Assyrians in the Netherlands Assyriërs in Nederland

Total population
- 30.000

Regions with significant populations
- Twente, Amsterdam and surroundings

Languages
- Aramaic (Surayt and Suret) Dutch

Religion
- Syriac Orthodox, Assyrian Church of the East, Chaldean Catholic

= Assyrians in the Netherlands =

Ethnic group in the Netherlands

Assyrians in the Netherlands (Assyriërs in Nederland) are Dutch citizens of Assyrian. They mainly live in the east of the country, in the province of Overijssel, in such cities as Enschede, Hengelo, Rijssen, Almelo and Borne. The main reason that the Assyrians are concentrated there is because it is an industrial area which lies at the Germany–Netherlands border, where a large German Assyrian population resides. Many Assyrians in the Netherlands have relatives in Germany.

==History==
The first Assyrians came to the Netherlands in the 1970s as a result of fights between the PKK and the Turkish army. Most of them were from the province of Mardin in southeastern Turkey, where the aforementioned conflict took place. In the 1980s, Assyrians from Syria, with almost all of them being from the originally Assyrian city of Qamishli (Syriac: ܒܬ ܙܠܝܢ Bet Zalin), began to emigrate to the Netherlands. The latest group of Assyrians to migrate to the Netherlands are from Iraq, and they have been arriving there since the first Gulf War. The large majority of Turkish and Syrian Assyrians in the Netherlands belong to the Syriac Orthodox Church since they are from the western part of the Assyrian homeland, where the Syriac Orthodox Church is the most prominent.

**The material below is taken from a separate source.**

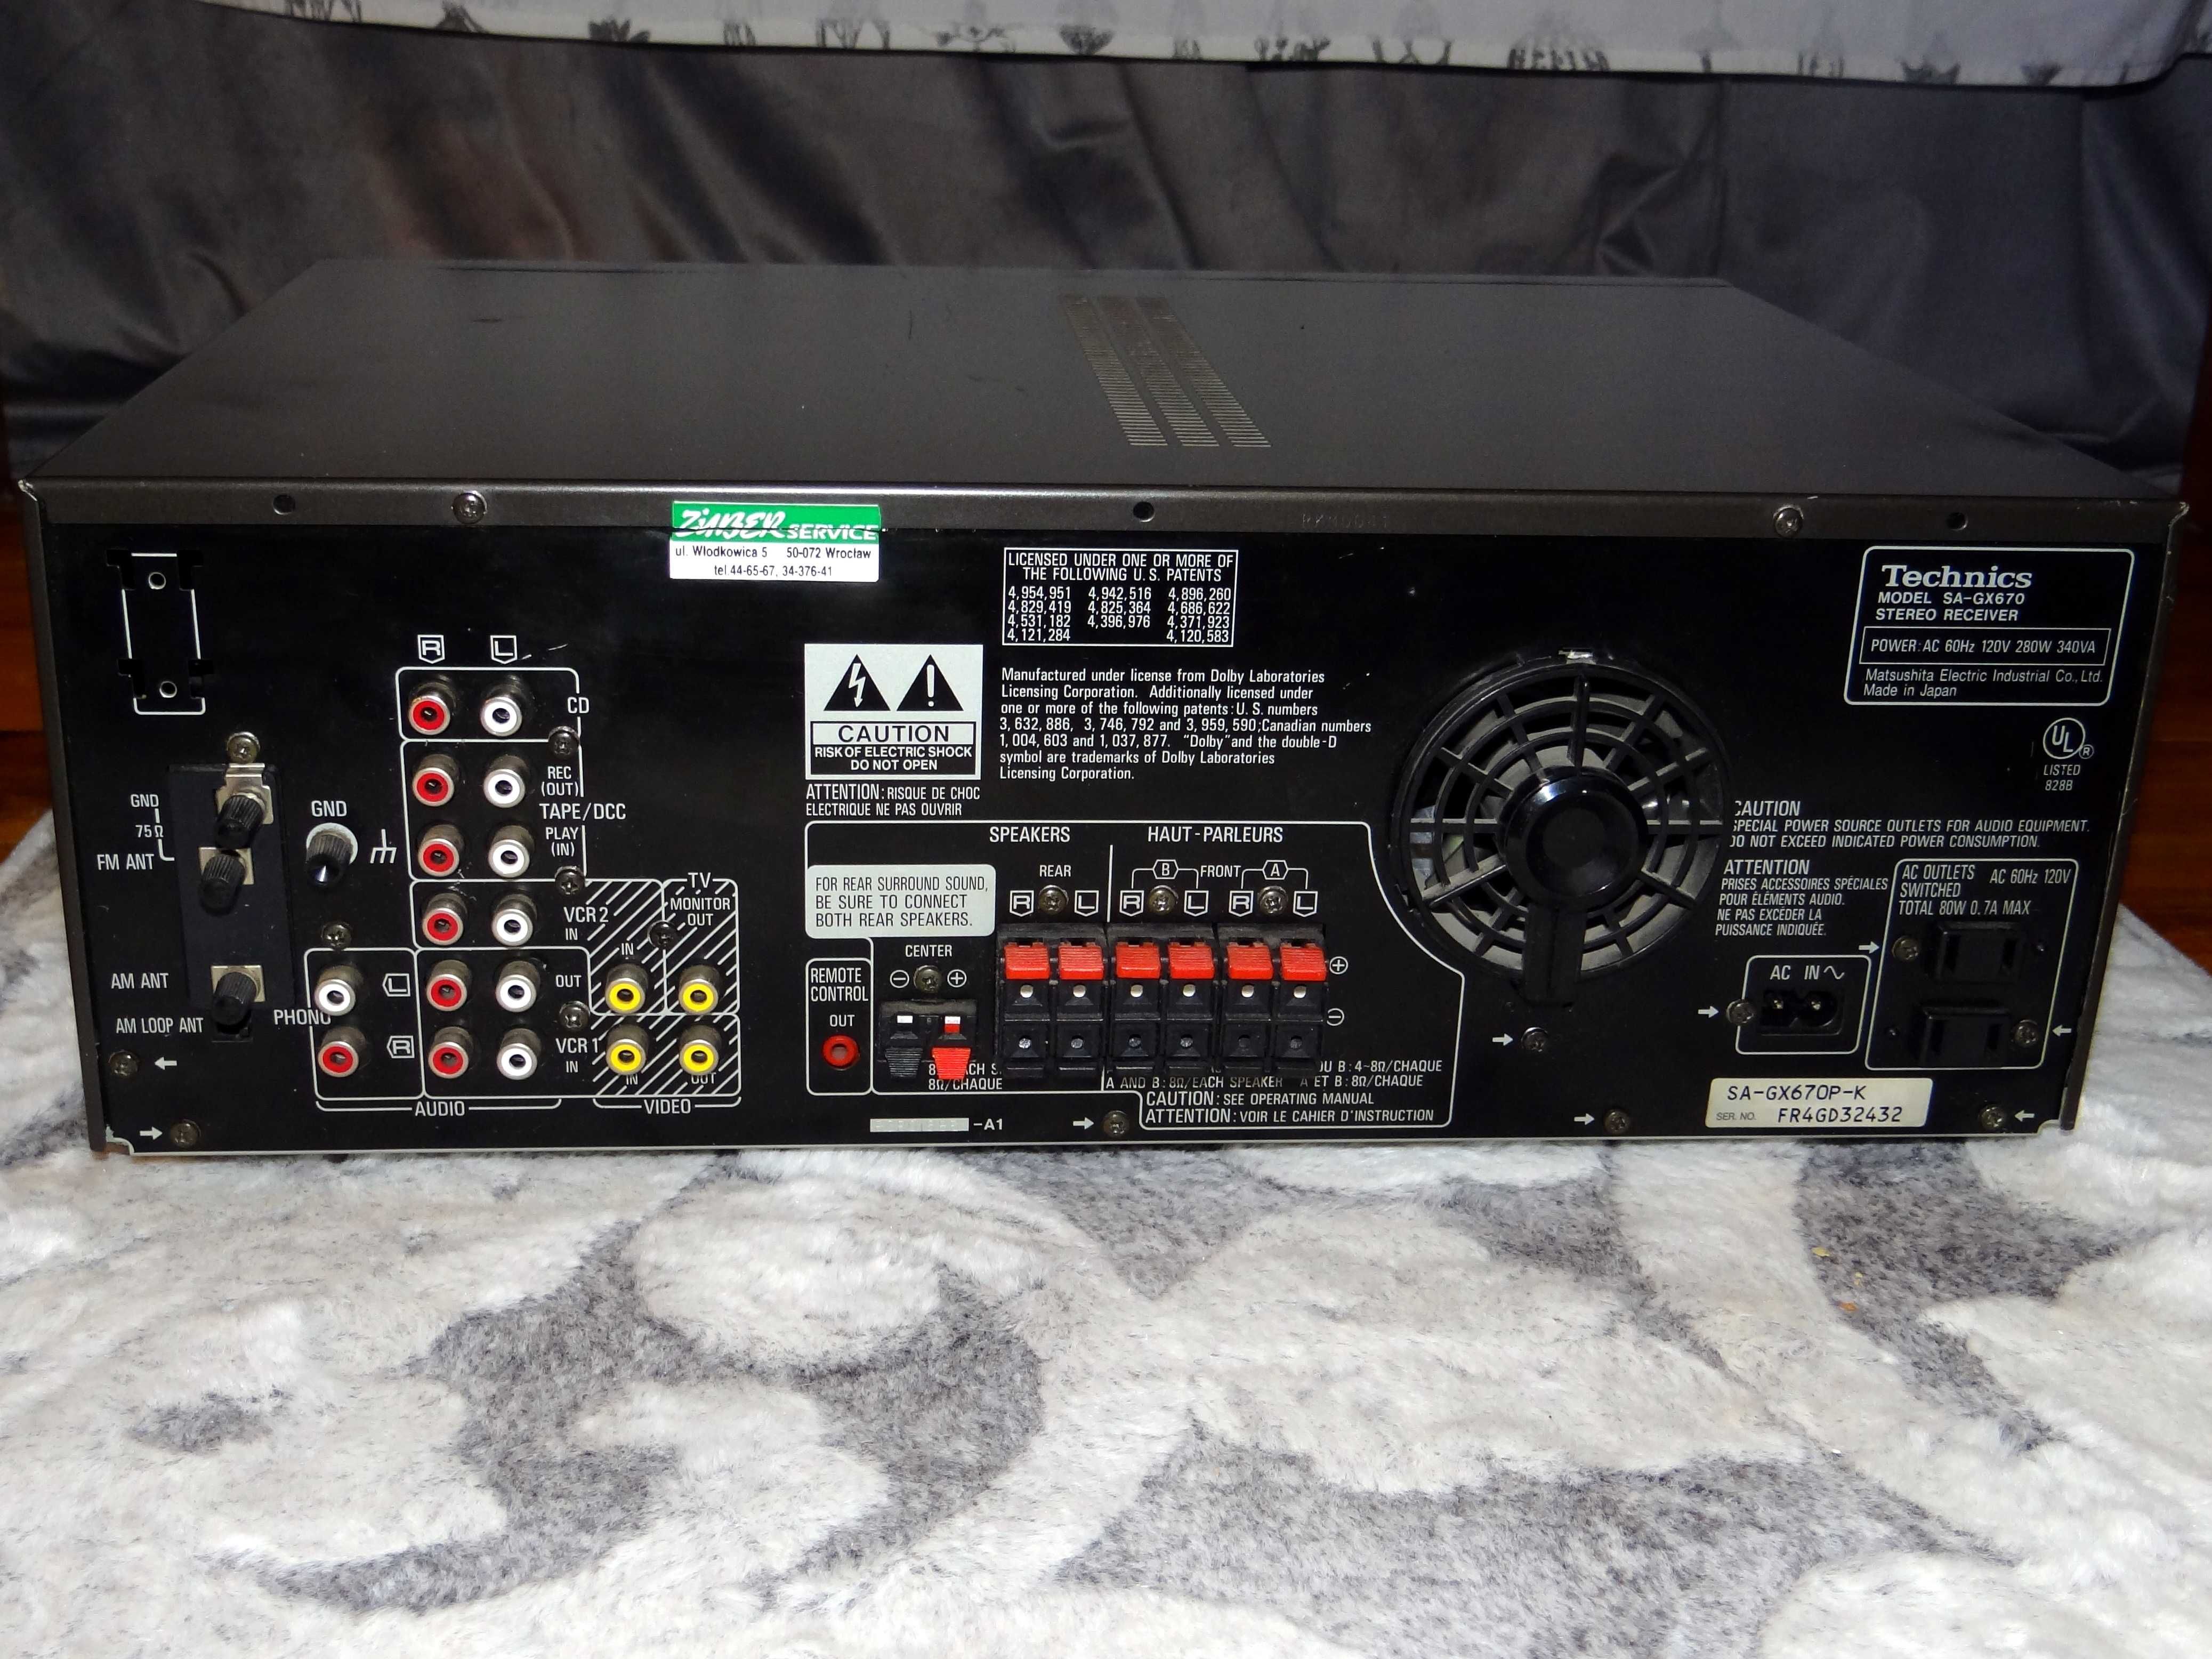 Amplituner Technics SA-GX670 5,1

In the 1980s, as with other immigrants in Europe, a strong feeling of nationalism started to develop among the Assyrians in the Netherlands. This sentiment started to make Assyrians be active in working for projects that helped them preserve their identity. A few projects that started out were Assyrian society building, Assyrians churches and Assyrians language classes, which were being given in Dutch schools to Assyrian children and also on weekends in so-called Bible school classes. They also started camps for Assyrians youth and Assyrian music and dance classes were offered in the community. For adult Assyrians, lectures on society building and many social events were organized. Since 1981 there has been a Syriac Orthodox monastery in the village Glane near the German border.

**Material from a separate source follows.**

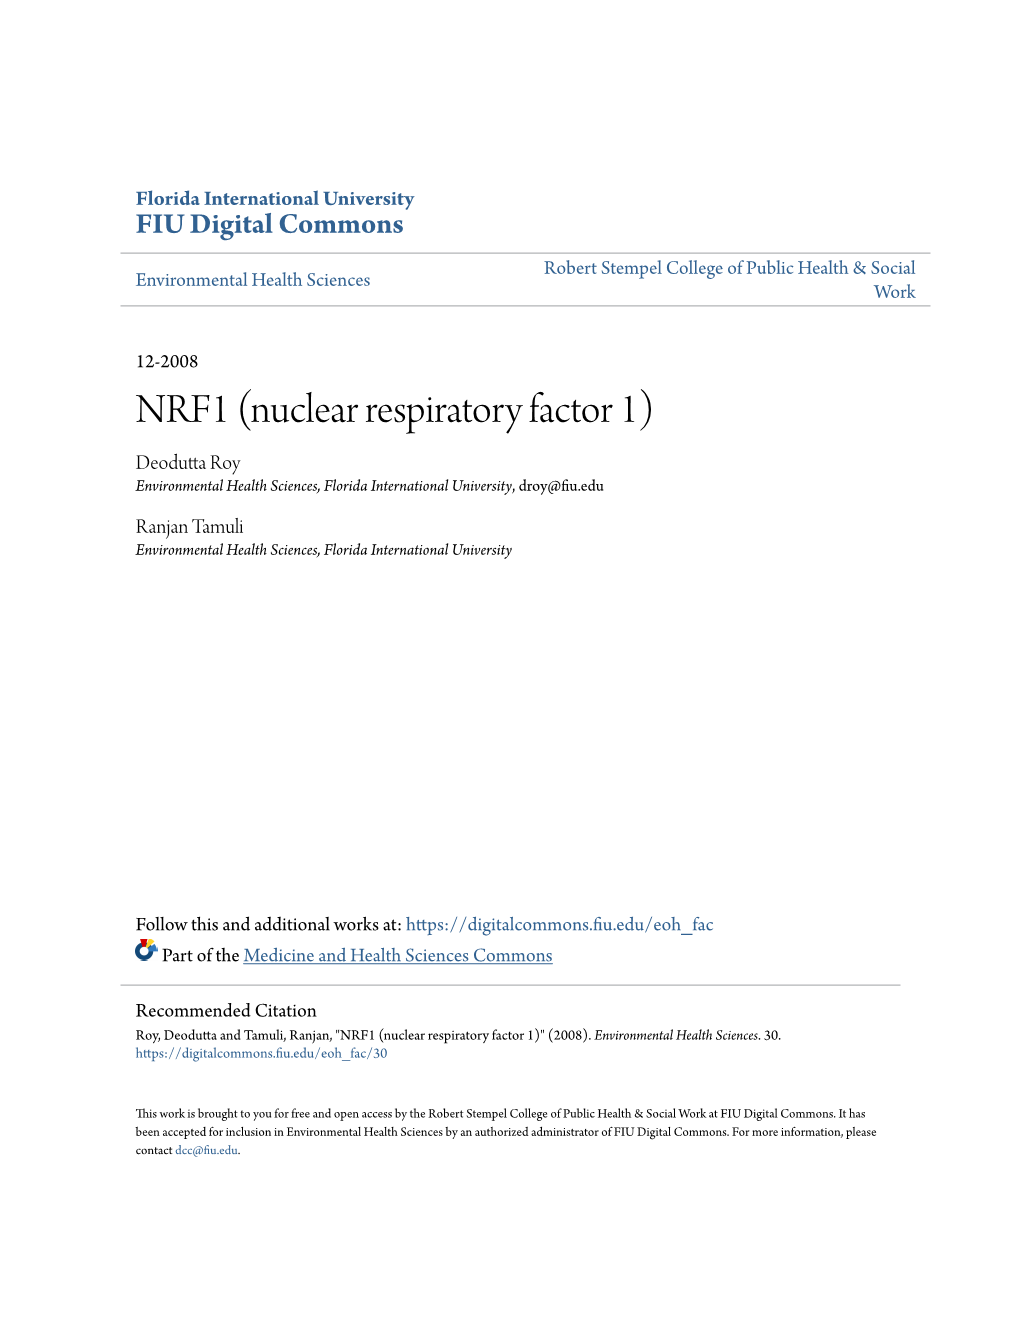 NRF1 (Nuclear Respiratory Factor 1) Deodutta Roy Environmental Health Sciences, Florida International University, Droy@Fiu.Edu

The Assyrians began to organize demonstrations to bring their situation in the Assyrian homeland to the attention of the media and to bring the 20th century Assyrian genocide to the attention of the Dutch government.

==Current situation==
The Assyrians have managed to both integrate into Dutch society and maintain their own ethnic identity, as there are a lot of social events organized by Assyrian clubs. Some of the latest projects which Assyrians in the Netherlands have started are: the Seyfo Center, the Assyrian Church Choir, representation of Assyrians in the Dutch government (such as Attiya Gamri), and the foundation of the Assyrian Youth Movement (AJF).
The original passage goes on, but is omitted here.